Fol et furieuse
réflexions, outils, partage autour de l'abolition de la psychiatrie, le validisme, les outils alternatives, la libération folle et antivalidiste
Le Juge des libertés et de la détention ne vous protège pas du soin sans consentement

Il ne faut pas écouter les gens qui disent que l’intervention du Juge des libertés et de la détention (JLD) protège les psychiatrisé’es : son impact et ce qu’il contrôle est très limité et c’est fait exprès. Ce contrôle du JLD a été mis en place pour rendre plus acceptable l’élargissement et l’augmentation des soins sans consentement.
Cet article est là pour parler de ça mais pas pour vous dire de ne pas essayer d’utiliser cette possibilité pour sortir si vous êtes enfermé (on fait ce qu’on peut avec ce qu’on a, juste ne placez pas tous vos espoirs là-dedans), je donne d’ailleurs des infos plus bas (partie 3 et 4).

1. Seules 7% des décisions sont des annulations de soins sans consentement et seule la procédure est jugée
2. Le contrôle du JLD a été mis en place pour faire passer une augmentation des soins sans consentement
3. Les motifs d’annulation : sur quoi se concentrer si on veut en obtenir une
4. Comment se passe l’audience ?

1. Seules 7% des décisions sont des annulations de soins sans consentement et seule la procédure est jugée

En 2021, seules 7% des décisions des JLD ont été des annulations de soins sans consentement. Il n’y a pas de chiffre plus récent et ce chiffre porte sur tous les types de soins sans consentement donc les hospitalisations complètes (internement) ou partielles mais aussi les isolements (seulement si + de 72h) et les contentions (+ de 48h). Sachant que, pour l’isolement et la contention, on sait que tous les cas ne sont pas notifiés au JLD. Même pour les hospitalisation, des personnes disent qu’elles n’ont jamais eu l’info d’un jugement (peut-être qu’il a eu lieu sans leur être notifié mais c’est totalement illégal).

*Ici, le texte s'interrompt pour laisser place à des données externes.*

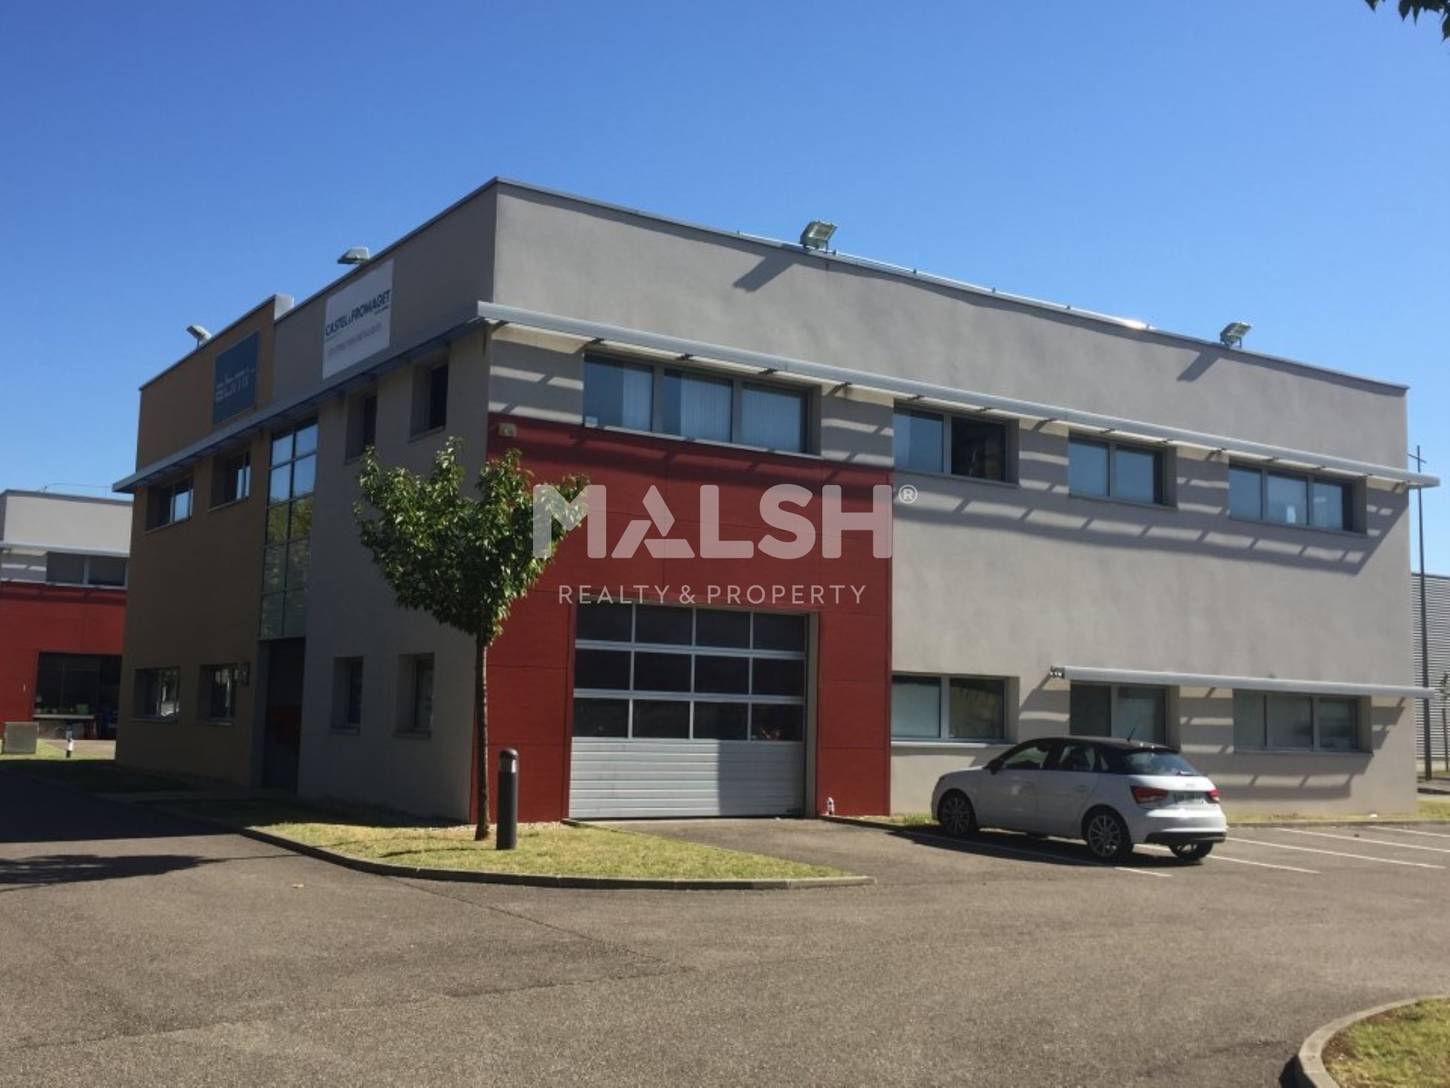 MALSH Realty & Property - Bureaux - Lyon EST (St Priest /Mi Plaine/ A43 / Eurexpo) - Saint-Priest - MD_

La part des annulations baisse, les décisions de justice (jurisprudence) vont dans le sens de limiter les cas où le juge annule.

Pour rappel :  100 000 personnes par an en France sont concernées par des soins sans consentement (chiffre 2023), dont 79 000 personnes hospitalisées sans consentement (chiffre en augmentation). Et ces chiffres ne comptent pas les enfants pour lesquels on ne demande le consentement que des adultes ni les personnes auxquelles on a dit « tu acceptes sinon on fait sans consentement, t’auras encore moins de droits et ce sera plus dur de sortir ».

Le JLD intervient automatiquement si l’hospitalisation dure plus de 12 jours (puis après 6 mois + possibilité pour le patient ou ses proches de le saisir à tout moment) et ne juge quasiment que la procédure, si le dossier est complet, si les étapes ont été respecté. Il ne juge pas vraiment la raison de l’internement, si c’est légitime, les psys ont toute autorité sur ça. Éventuellement, il peut lever l’internement pour « absence de fondement médical » mais ça arrive par exemple quand votre dossier a été rempli par copier/coller et ne correspond pas du tout à vous.  Et il ne va pas trancher si vous arrivez à cette étape avec l’avis d’un autre psy, il ne sera pas légitime pour départager deux psys.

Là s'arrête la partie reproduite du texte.